═══ Information shown ═══
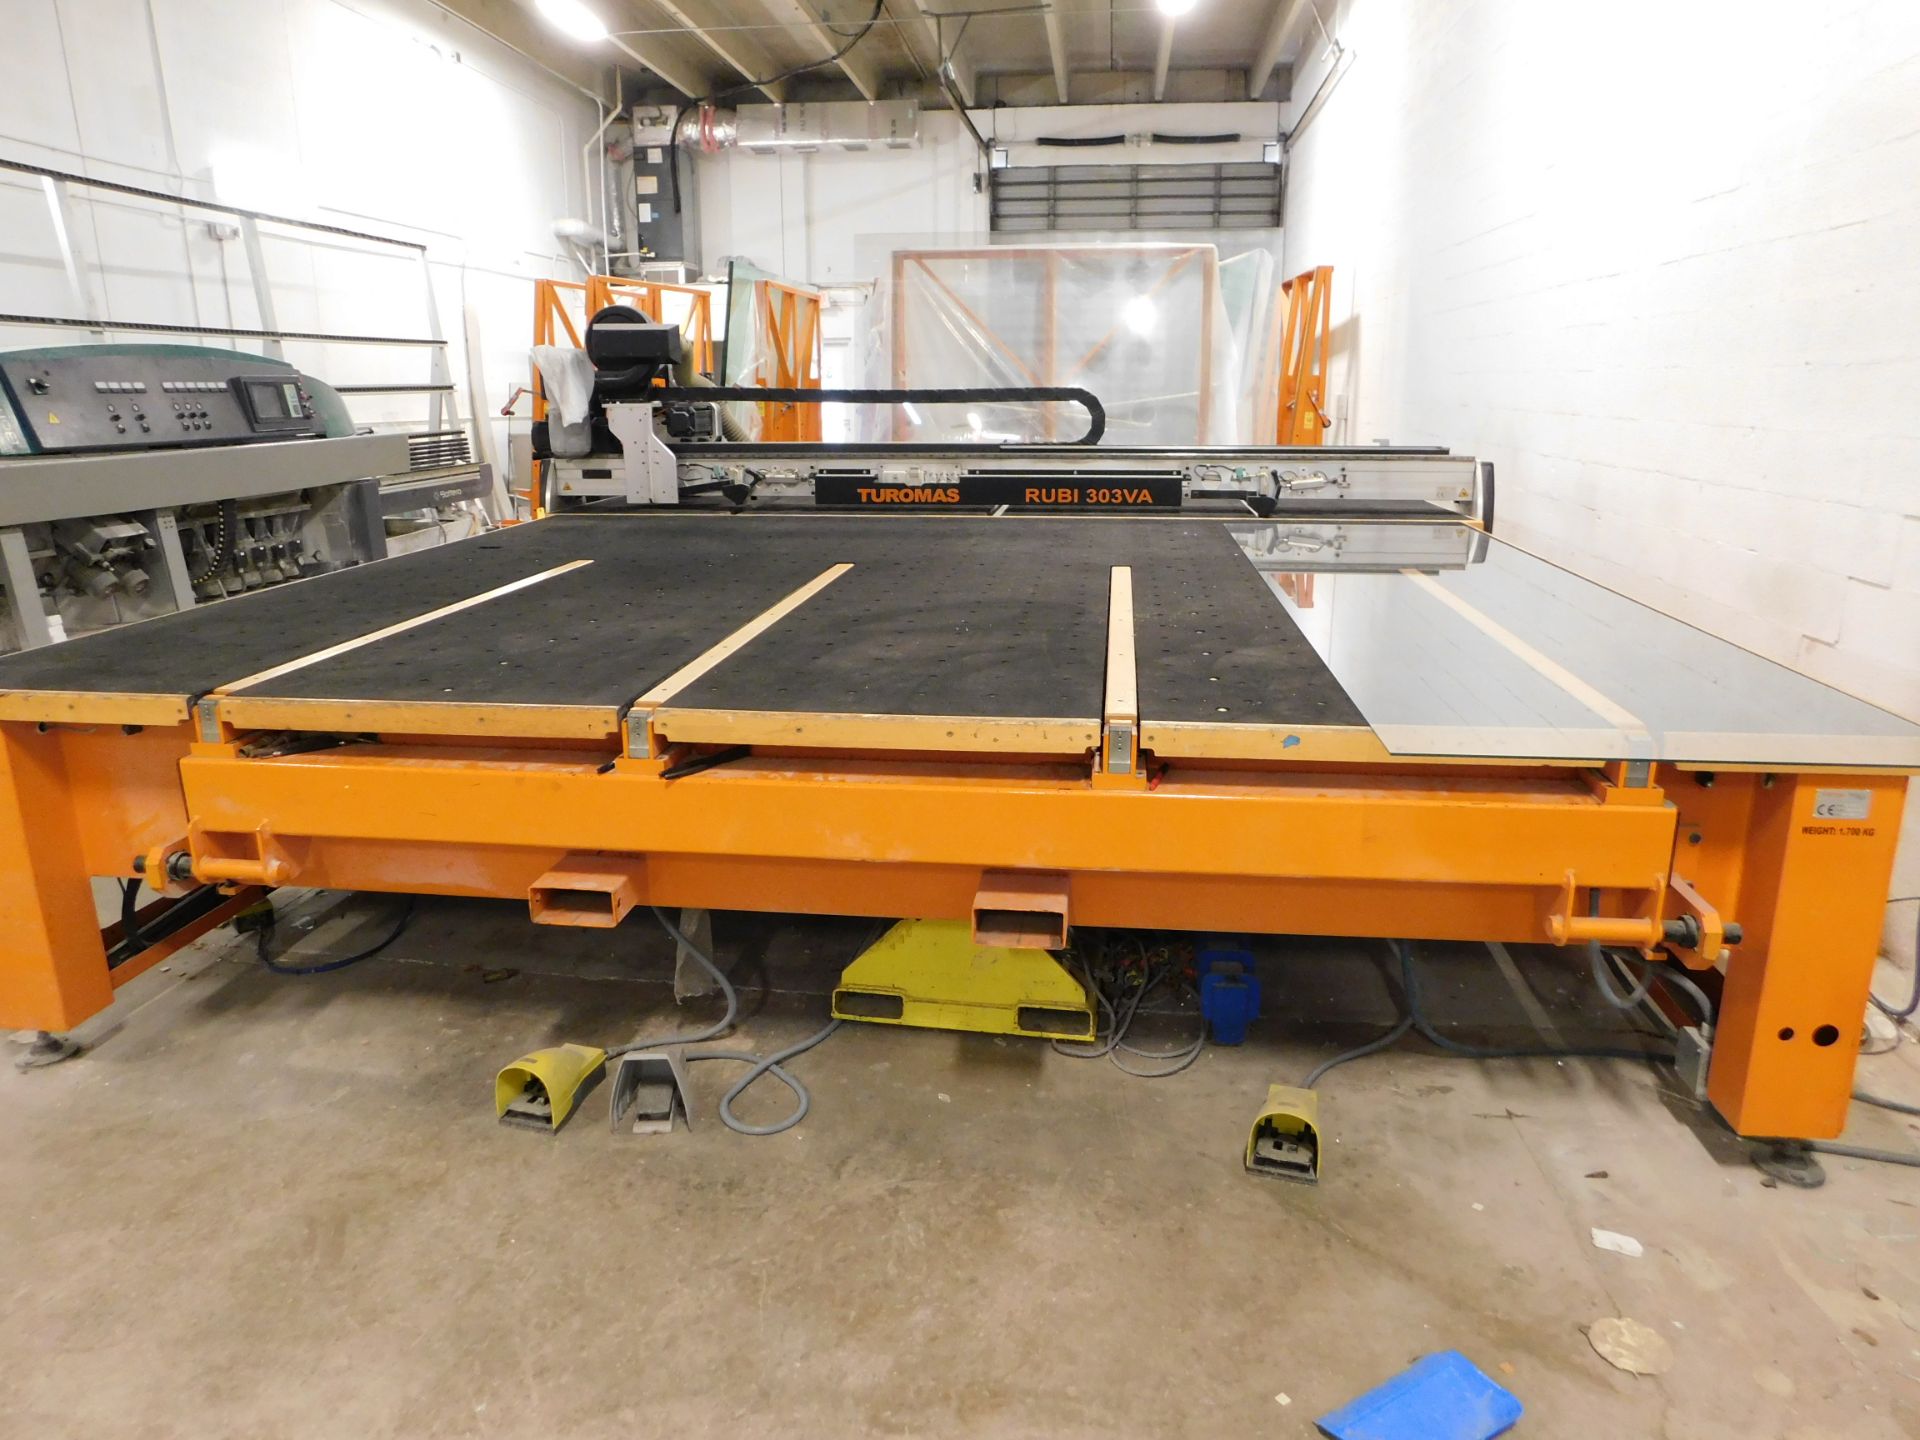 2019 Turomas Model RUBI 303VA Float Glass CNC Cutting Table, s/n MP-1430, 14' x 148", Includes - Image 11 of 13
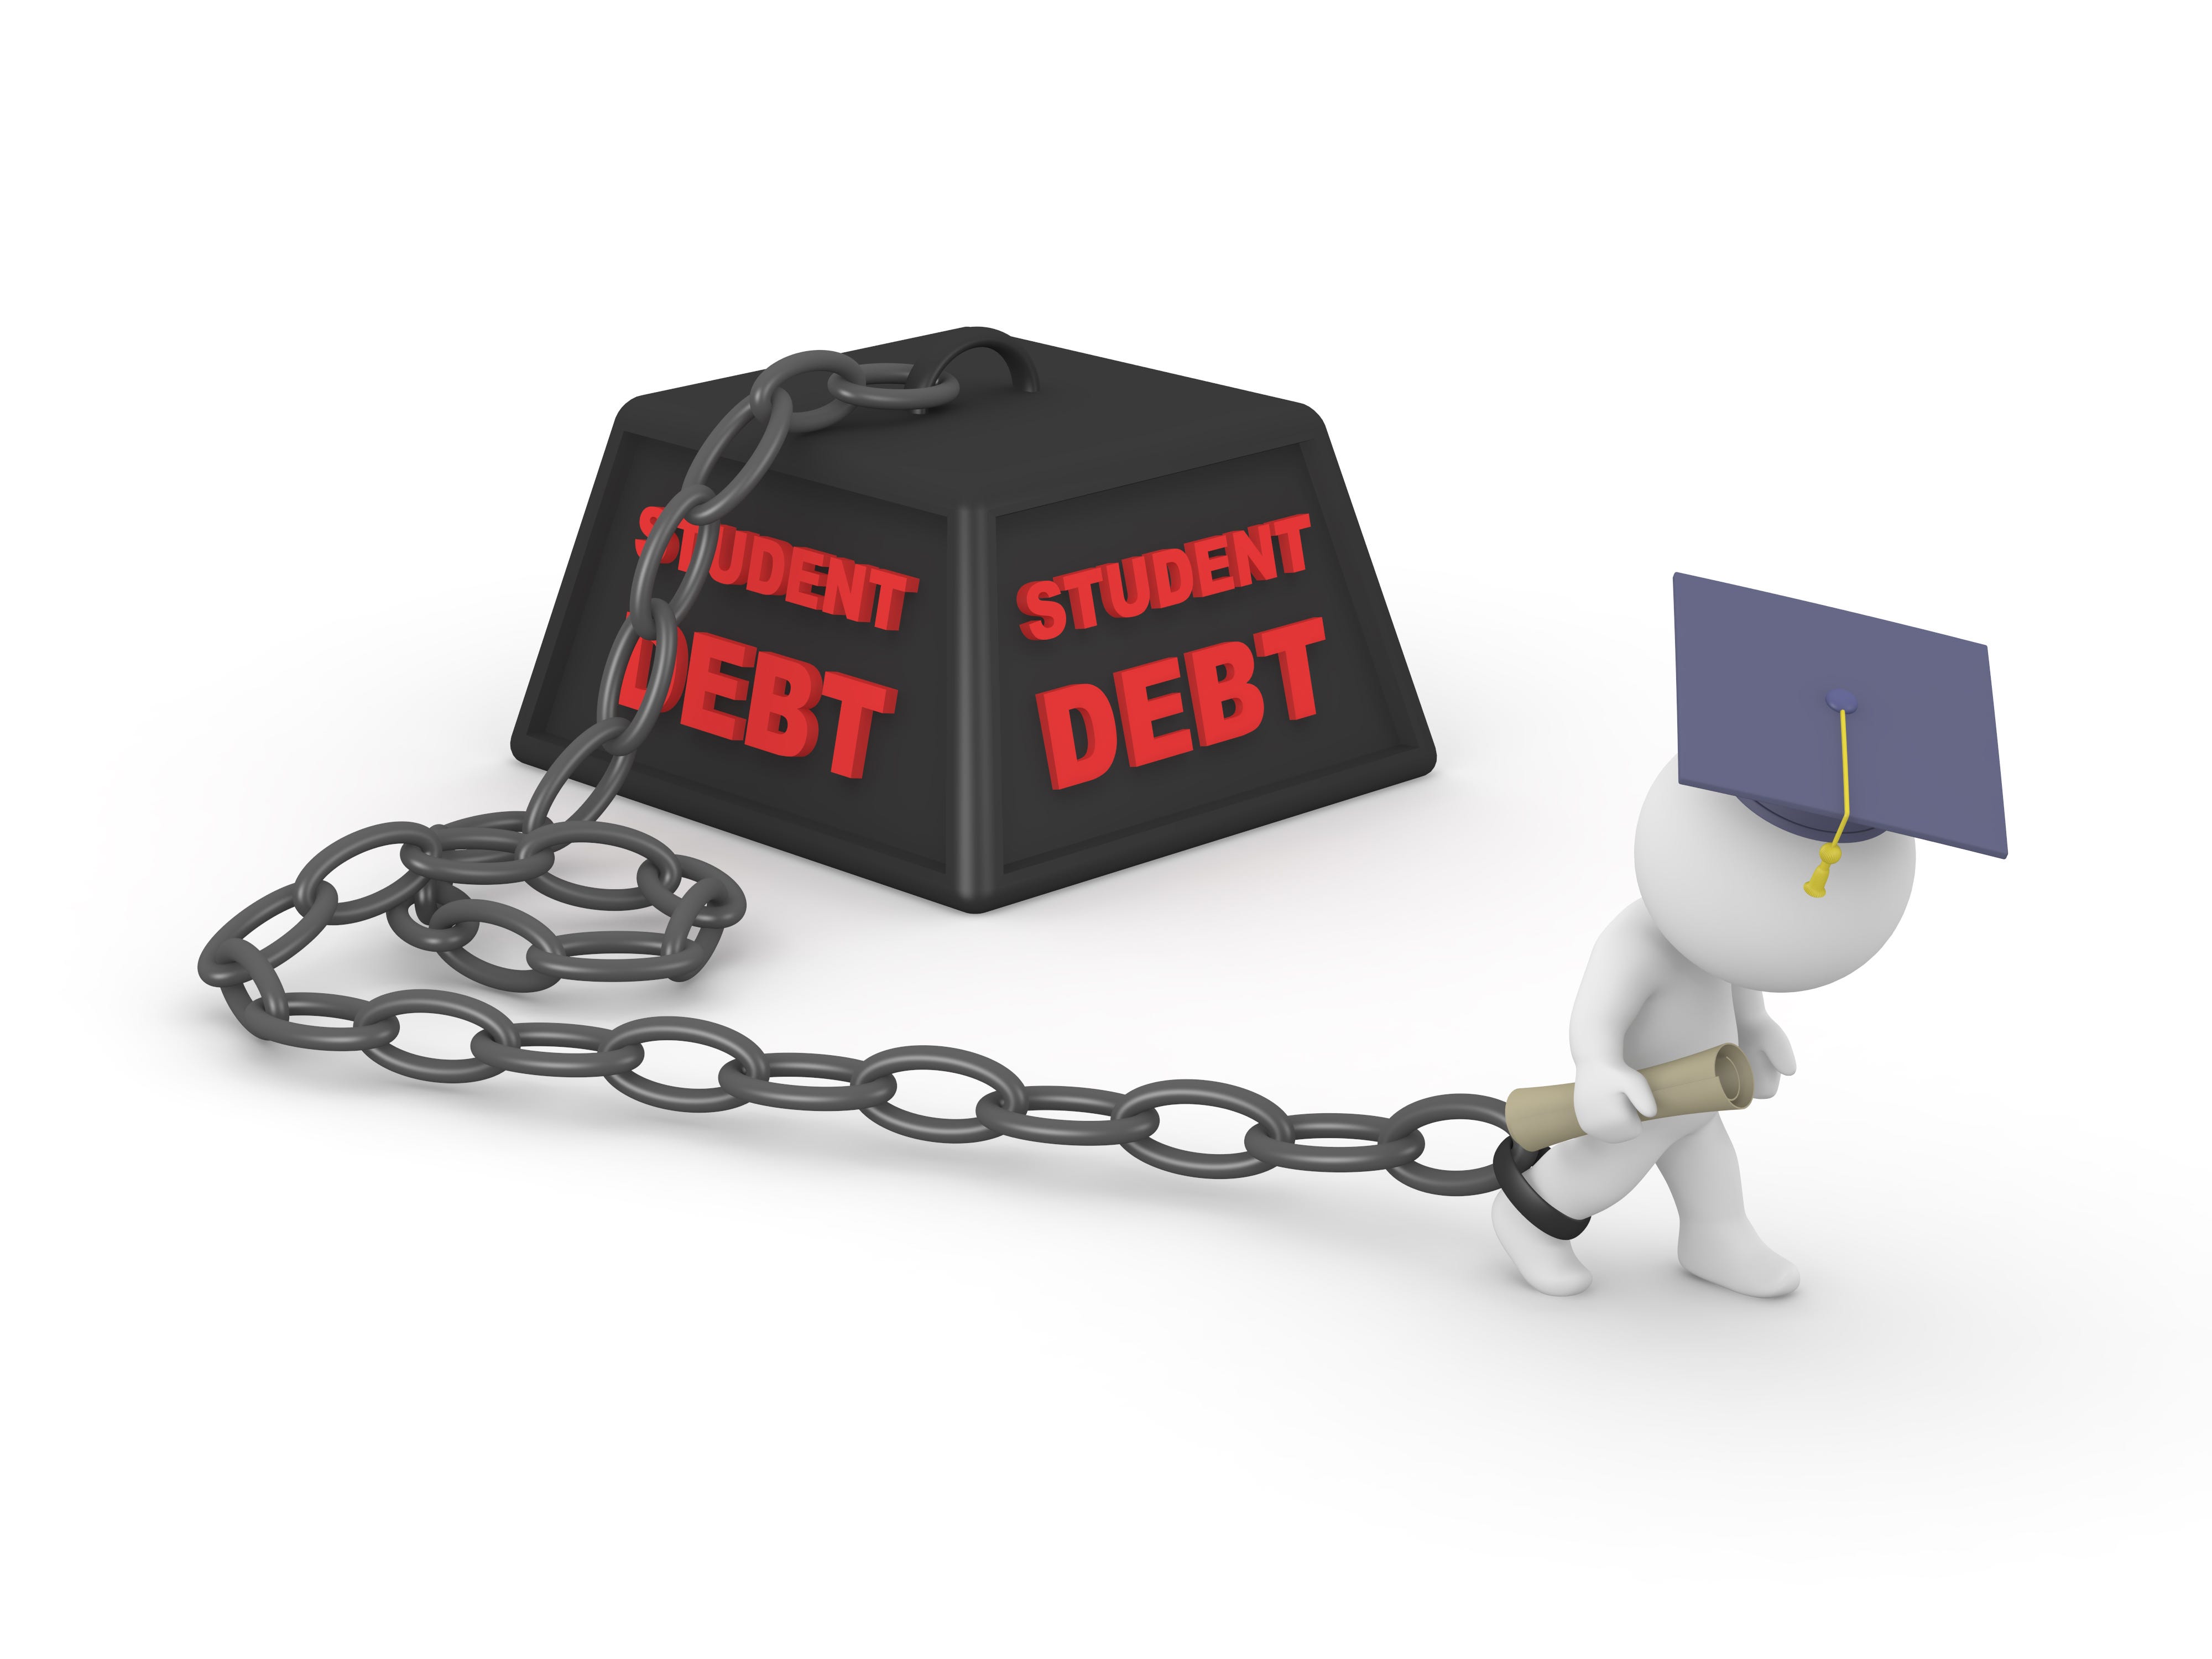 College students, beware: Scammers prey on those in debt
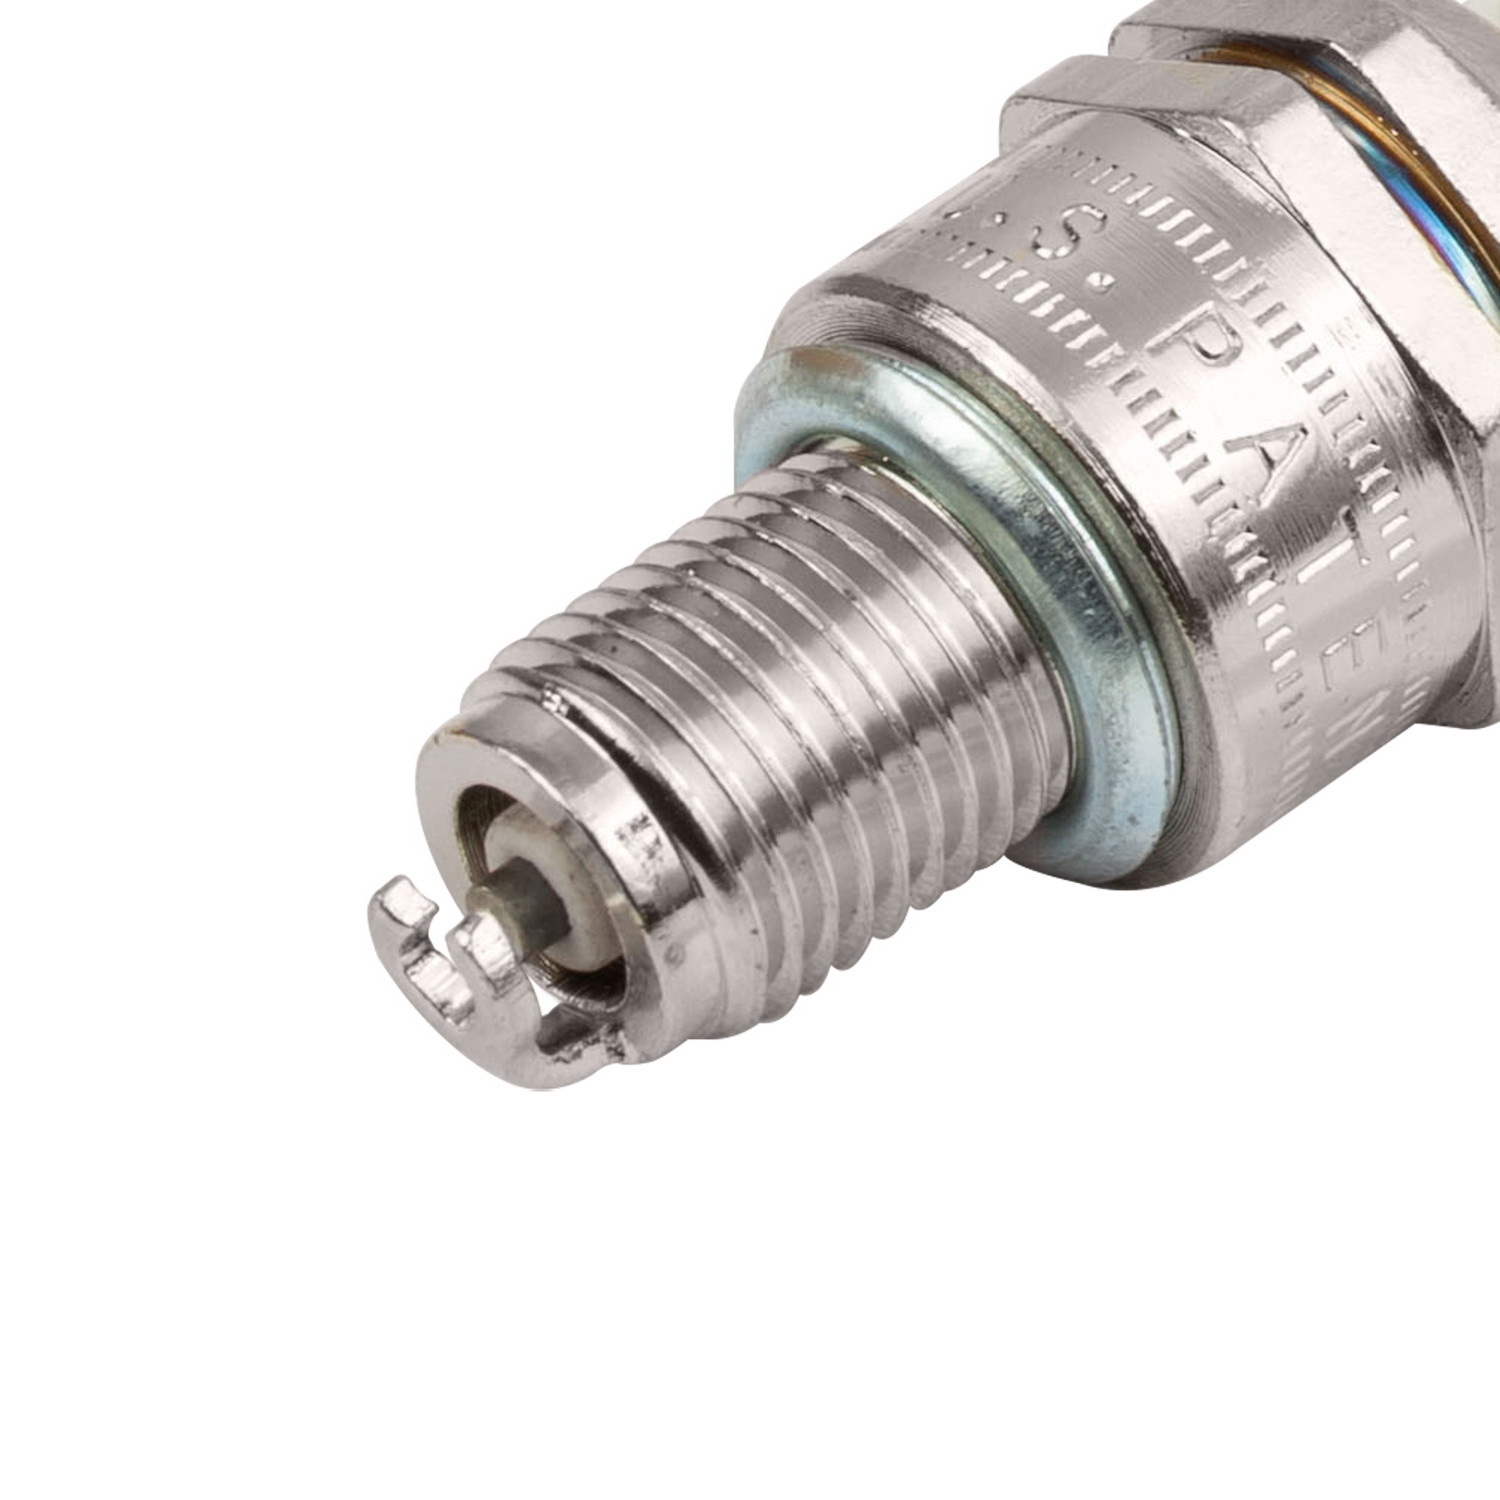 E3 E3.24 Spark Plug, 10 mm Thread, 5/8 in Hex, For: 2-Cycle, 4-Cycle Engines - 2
═══
• [Task brief]: Word for word, repeat the data above with the pictures left out.

• [Expected output]:
 2019 Turomas Model RUBI 303VA Float Glass CNC Cutting Table, s/n MP-1430, 14' x 148", Includes - Image 11 of 13
 College students, beware: Scammers prey on those in debt
 E3 E3.24 Spark Plug, 10 mm Thread, 5/8 in Hex, For: 2-Cycle, 4-Cycle Engines - 2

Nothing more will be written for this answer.